Resulta sorprendente que a la constante pregunta de los periodistas de qué haría diferente que Biden la única respuesta de Harris fuese “habrá republicanos en mi administración”. Como escribí hace unos meses, mi percepción del debate entre ella y Trump fue que, si bien el expresidente había perdido por su comportamiento errático, la candidata no había sido capaz de ofrecer al elector indeciso un motivo por el que votarla. Especialmente vagas fueron sus respuestas sobre sus planes para gestionar la economía. Su campaña se centró en recordar a los votantes los defectos de Trump, ignorando que aquellos que temían el retorno del magnate ya iban a votarla.
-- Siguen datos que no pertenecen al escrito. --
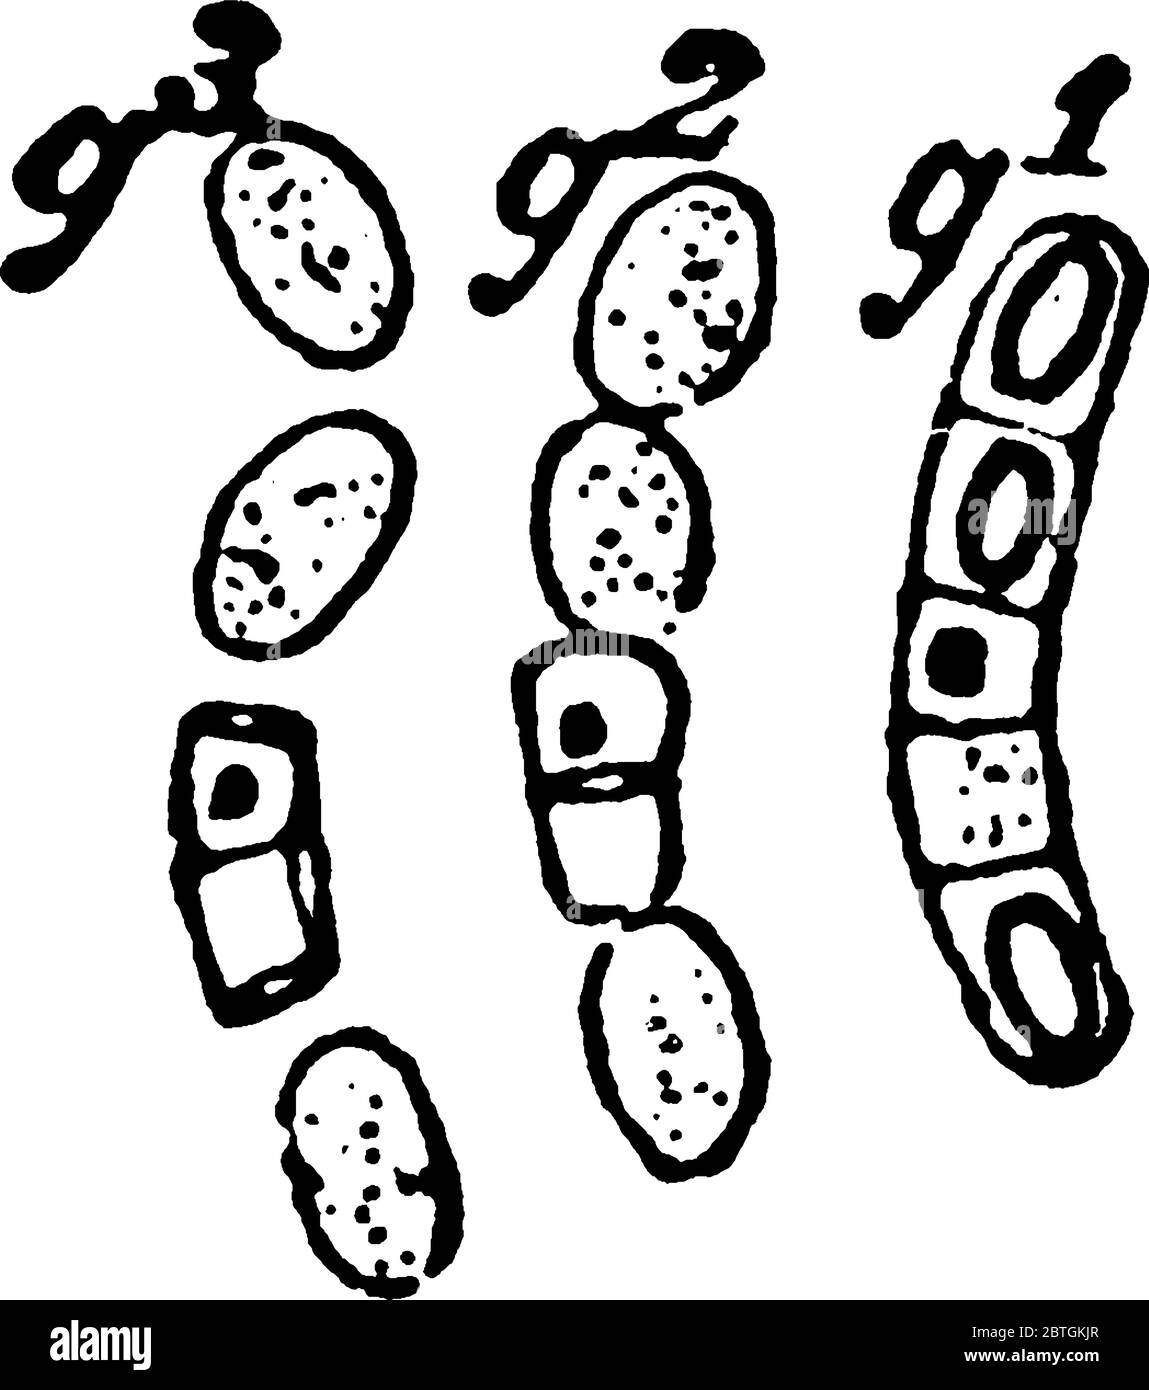 Eine typische Darstellung der frühen Stadien in der Keimung der Sporen, nach dem Trocknen mehrere Tage, Vintage-Strichzeichnung oder Gravur illus Stock Vektor

Frente a las propuestas que ofrecía el magnate, como bajar los impuestos o deportar masivamente a inmigrantes ilegales, apenas se encontraba en la candidata un rastro de propuesta más allá de no ser su rival.
Si hiciésemos el experimento de olvidar los nombres de los candidatos y analizar esta elección de forma neutral (un presidente impopular obligado a retirarse, reemplazado por una candidata vista como aún más de izquierdas, una percepción negativa de la economía…), hubiésemos llegado a la conclusión de que el partido de la oposición era el favorito en esta contienda. Todo ello ignorando otros factores como el sesgo conservador del colegio electoral, que en los sondeos Harris no tenía una ventaja suficiente para superarlo, o el constante error de las encuestas en contra de Trump.
La respuesta a por qué el partido demócrata ha perdido estas elecciones es sencilla: el votante simplemente no les ha comprado el discurso. El giro hacia el partido republicano se ha dado en casi todos los grupos demográficos. El rechazo ha sido total. No cabe atribuirlo a la pérdida de apoyo entre la población hispana, afroamericana o de clase baja como se hizo en las anteriores. El electorado ha rechazado el modelo de gobierno de Biden. Kamala Harris se pasó los últimos meses de la campaña intentando convencer al votante indeciso que escogiese el mal menor. Y le hizo caso, solo que esta vez Donald Trump era el riesgo asumible.